It is well known that ordinary persistence on graphs can be computed more efficiently than the general persistence. Recently, it has been shown that zigzag persistence on graphs also exhibits similar behavior. Motivated by these results, we revisit graph persistence and propose efficient algorithms especially for local updates on filtrations, similar to what is done in ordinary persistence for computing the vineyard. We show that, for a filtration of length $m$, (i) switches (transpositions) in ordinary graph persistence can be done in $O(\log m)$ time; (ii) zigzag persistence on graphs can be computed in $O(m\log m)$ time, which improves a recent $O(m\log^4n)$ time algorithm assuming $n$, the size of the union of all graphs in the filtration, satisfies $n\in\Omega({m^\varepsilon})$ for any fixed $0<\varepsilon<1$; (iii) open-closed, closed-open, and closed-closed bars in dimension $0$ for graph zigzag persistence can be updated in $O(\log m)$ time, whereas the open-open bars in dimension $0$ and closed-closed bars in dimension $1$ can be done in $O(\sqrt{m}\,\log m)$ time.

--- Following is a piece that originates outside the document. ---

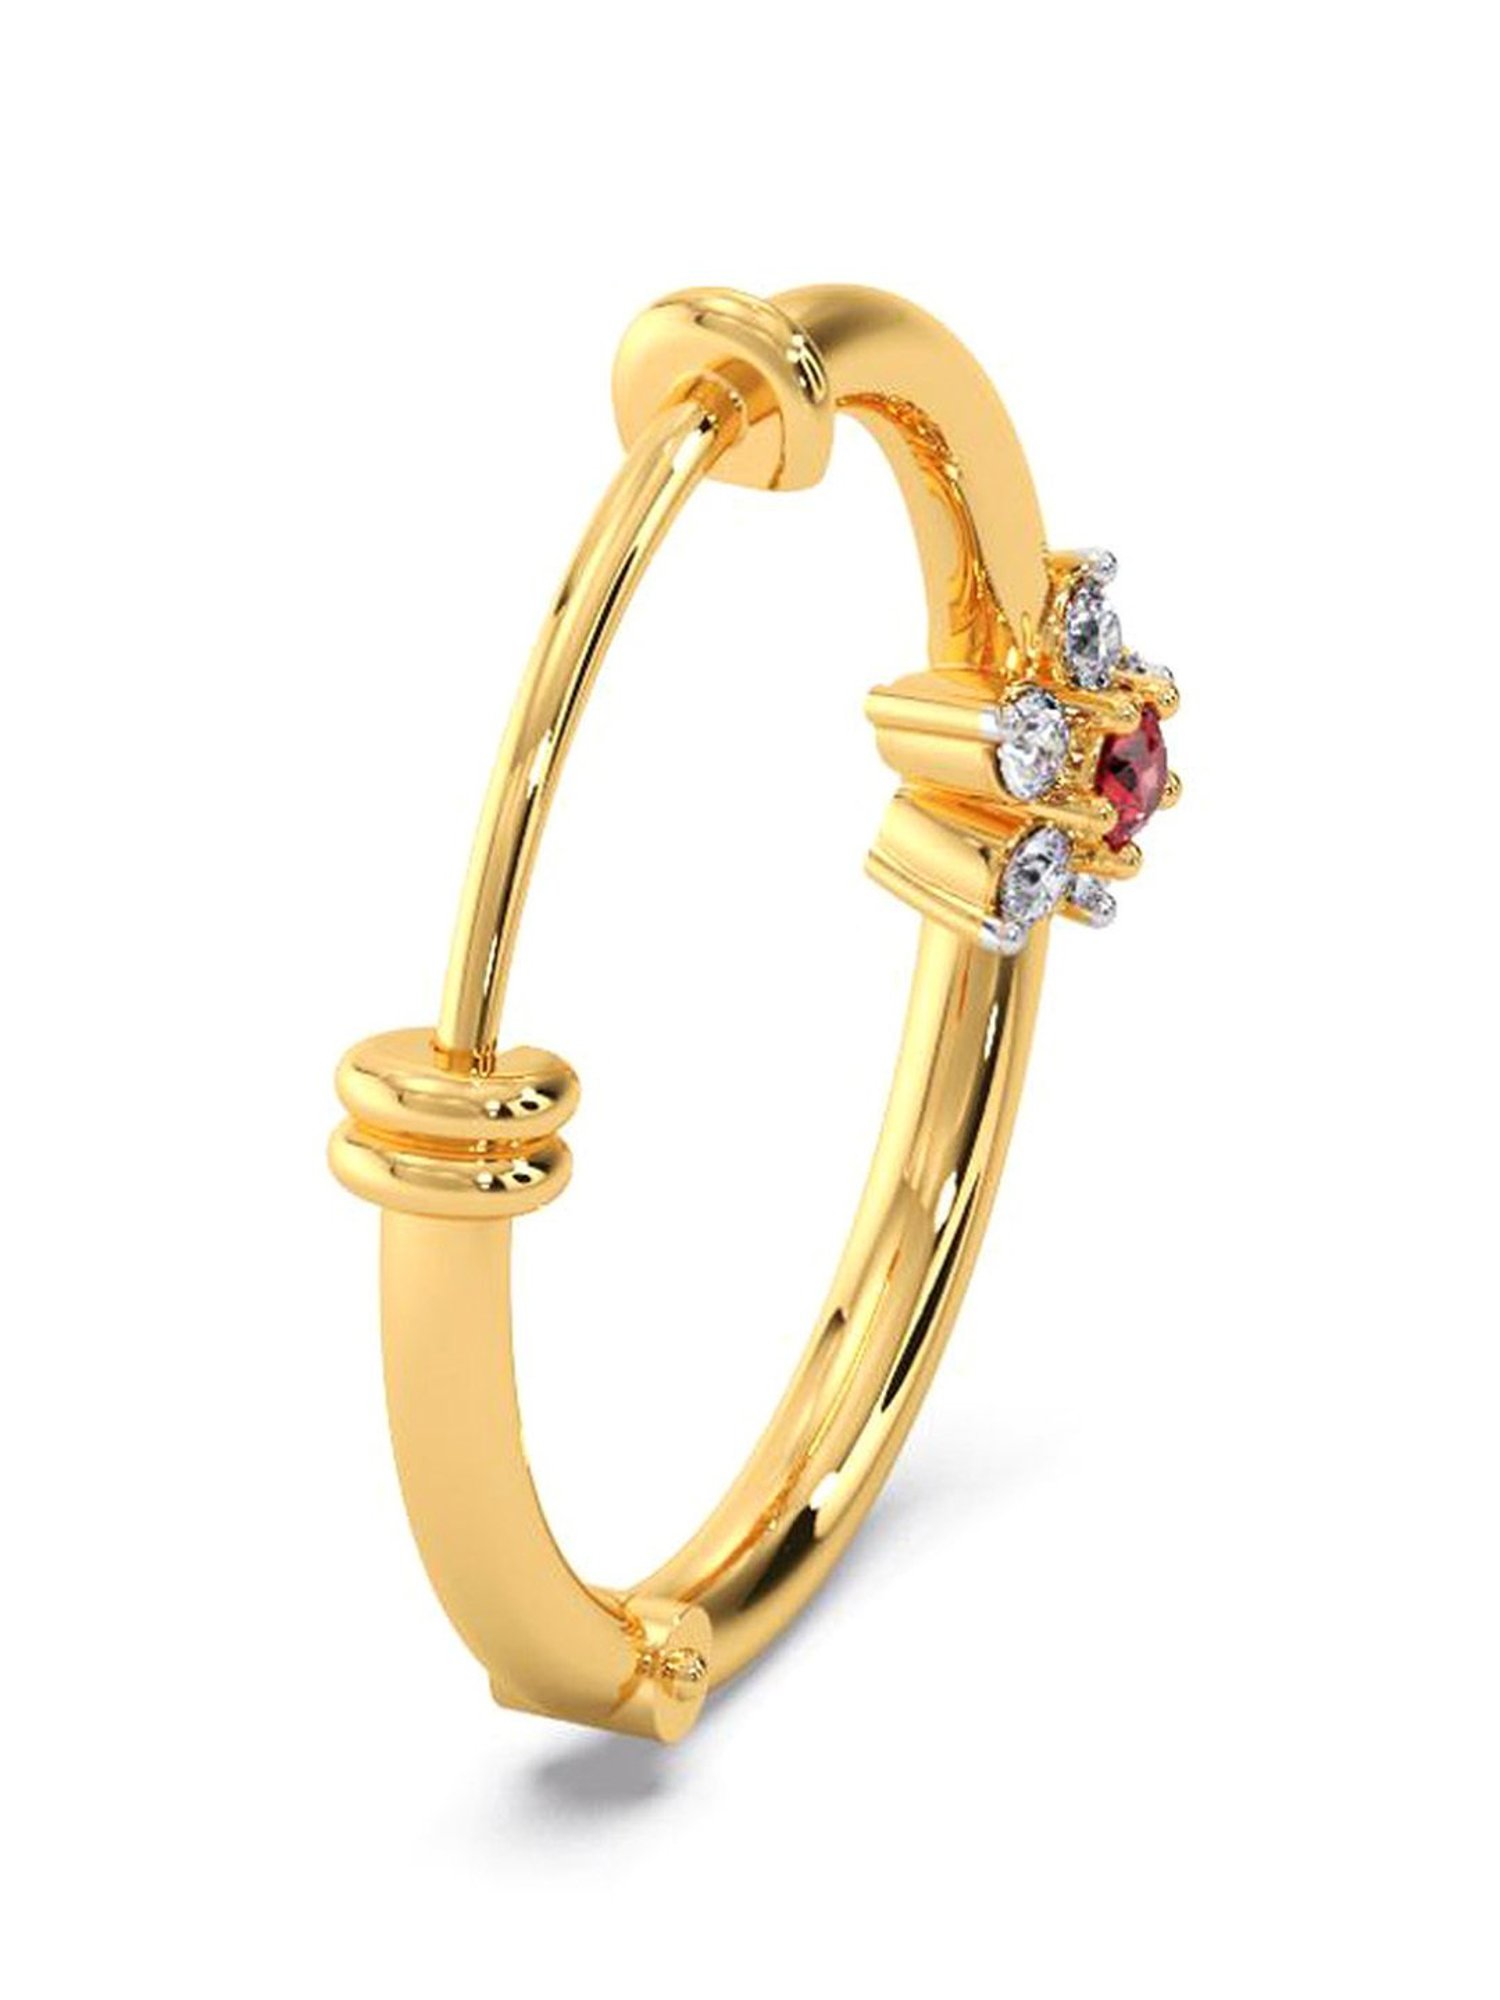 Dalaa Nose Ring // 14kt Gold Metal Nose Ring & Septum Ring

翻译：众所周知，图上的普通持久性计算比一般持久性更高效。近期研究表明，图上之字形持久性也展现出类似特性。受这些结果启发，我们重新审视图持久性，并针对过滤过程的局部更新提出高效算法，这类似于普通持久性中计算"葡萄园"的方法。我们证明：对于长度为$m$的过滤序列，(i) 普通图持久性中的交换操作（转置）可在$O(\log m)$时间内完成；(ii) 图上之字形持久性可在$O(m\log m)$时间内计算，这改进了近期一个$O(m\log^4n)$时间算法（假设过滤中所有图的并集大小$n$满足$n\in\Omega({m^\varepsilon})$，其中$0<\varepsilon<1$为任意固定值）；(iii) 图之字形持久性中0维的开闭、闭开及闭闭条可在$O(\log m)$时间内更新，而0维开开条与1维闭闭条可在$O(\sqrt{m}\,\log m)$时间内更新。